Выяснилось, что на втором и третьем местах в предложениях всех типов, как правило, стоят иероглифы, не имеющие в своем составе переменных знаков. Были все основания считать, что иероглифы этой группы передают подлежащее. В самом деле, именно подлежащее, то есть обычно имя существительное в именительном падеже, имеет меньше всего грамматических показателей.
Другая группа иероглифов отличалась, наоборот, наибольшим количеством переменных знаков. Иероглифы этой группы стояли, как правило, на первом месте в предложениях почти всех типов. Судя по большому числу переменных знаков, эти иероглифы должны были передавать глагольное сказуемое. По ходу дальнейших исследований оказалось, что иероглифы, передающие сказуемое, подразделяются на две группы, каждой из которых свойственны свои грамматические показатели. После иероглифов одной группы в предложениях стояло сразу подлежащее, тогда как после иероглифов другой почти всегда появлялись особые дополнительные иероглифы, а подлежащее отходило на третье место. Естественнее всего было отождествить первую группу с непереходными глаголами, а вторую - с переходными, требующими дополнения. Так оно и оказалось, ибо и в языке майя XVI века был аналогичный порядок слов в предложении. На первом месте обычно стояло глагольное сказуемое, а подлежащее занимало второе место или третье, если после сказуемого шло дополнение.
Только теперь Кнорозов располагал достаточно четкой классификацией иероглифов. О каждом из них можно было сказать, с какими грамматическими показателями он употребляется, какую часть речи передает и какую роль играет в предложении.
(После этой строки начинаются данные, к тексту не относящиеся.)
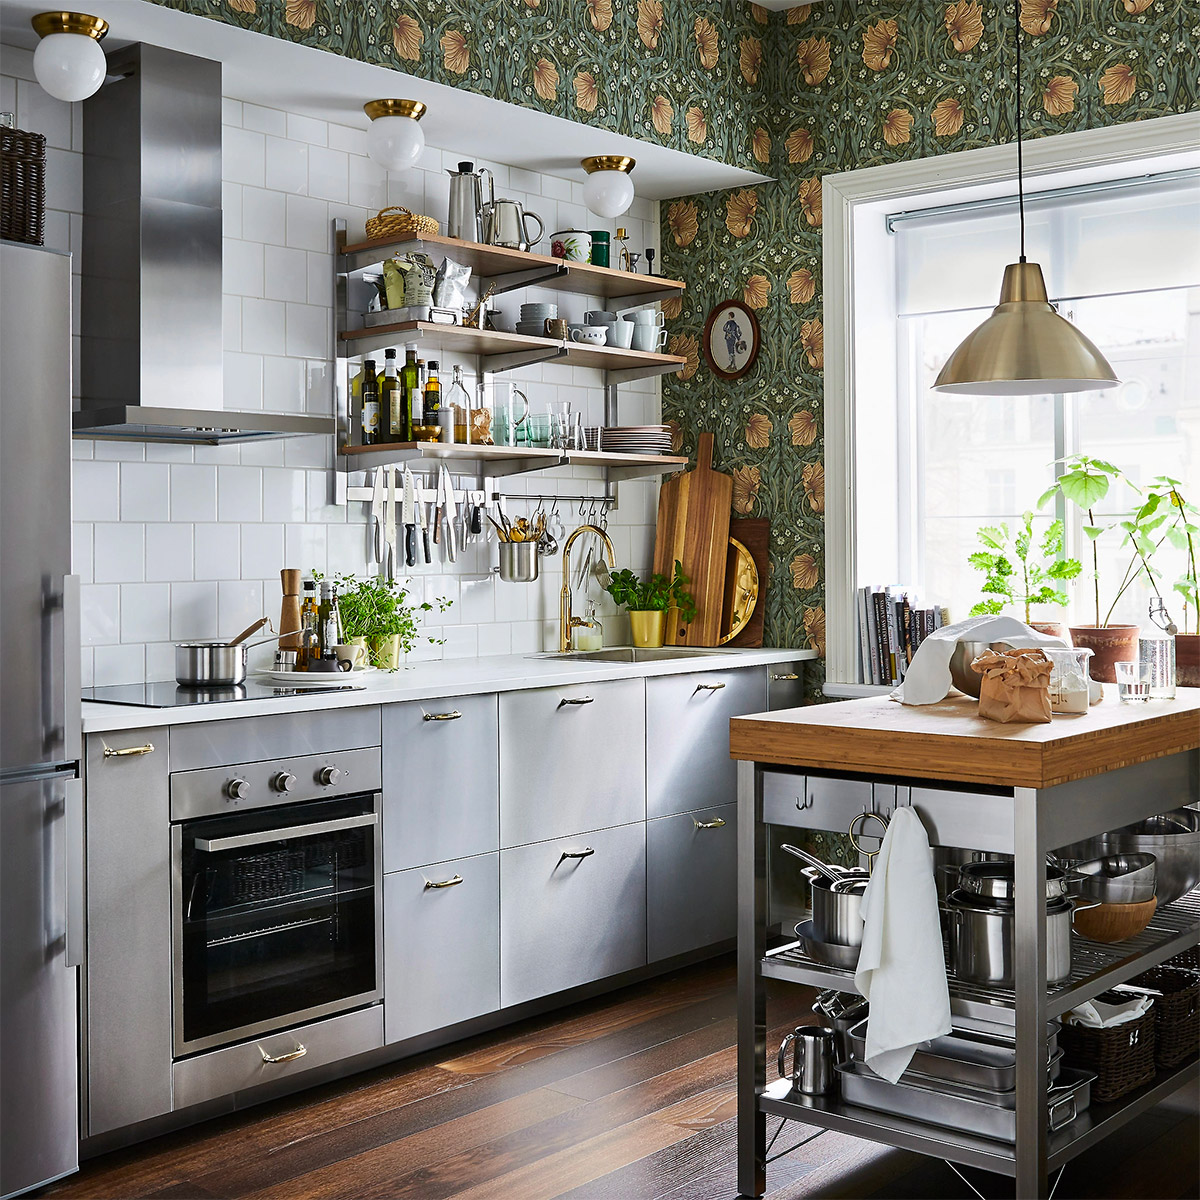 50 nhà bếp nhỏ thiết kế tuyệt vời mà bạn có thể làm theo 29

Казалось, можно переходить к последовательному сопоставлению грамматических показателей языка иероглифических текстов, то есть неизвестного языка и языка майя XVI века, известного нам. Известного? Однако оказалось, что грамматика "известного" языка изучена довольно слабо. И снова пришлось отложить решающий штурм и надолго засесть за изучение грамматики по текстам майя, записанным латиницей, и только после этого заняться подготовкой сравнительных материалов - выявлением набора грамматических показателей и их частоты в текстах XVI века.
Это была наиболее тяжелая и изматывающая работа. Она требовала абсолютной внимательности. Если возникали сомнения в правильности подсчета, нужно было начинать его с самого начала, и так по нескольку раз. Но самое обидное: не было никакой гарантии, что получаемые с таким трудом данные пригодятся для дальнейшей дешифровки. Так оно и было в ряде случаев, когда единственным результатом проделанной работы являлось выяснение того, что изучаемый грамматический показатель не имеет никаких аналогии в древнем языке. Неудивительно, что при первой же возможности в дальнейшем и Кнорозов, и другие исследователи стали перекладывать такого рода работу на "плечи" вычислительной техники.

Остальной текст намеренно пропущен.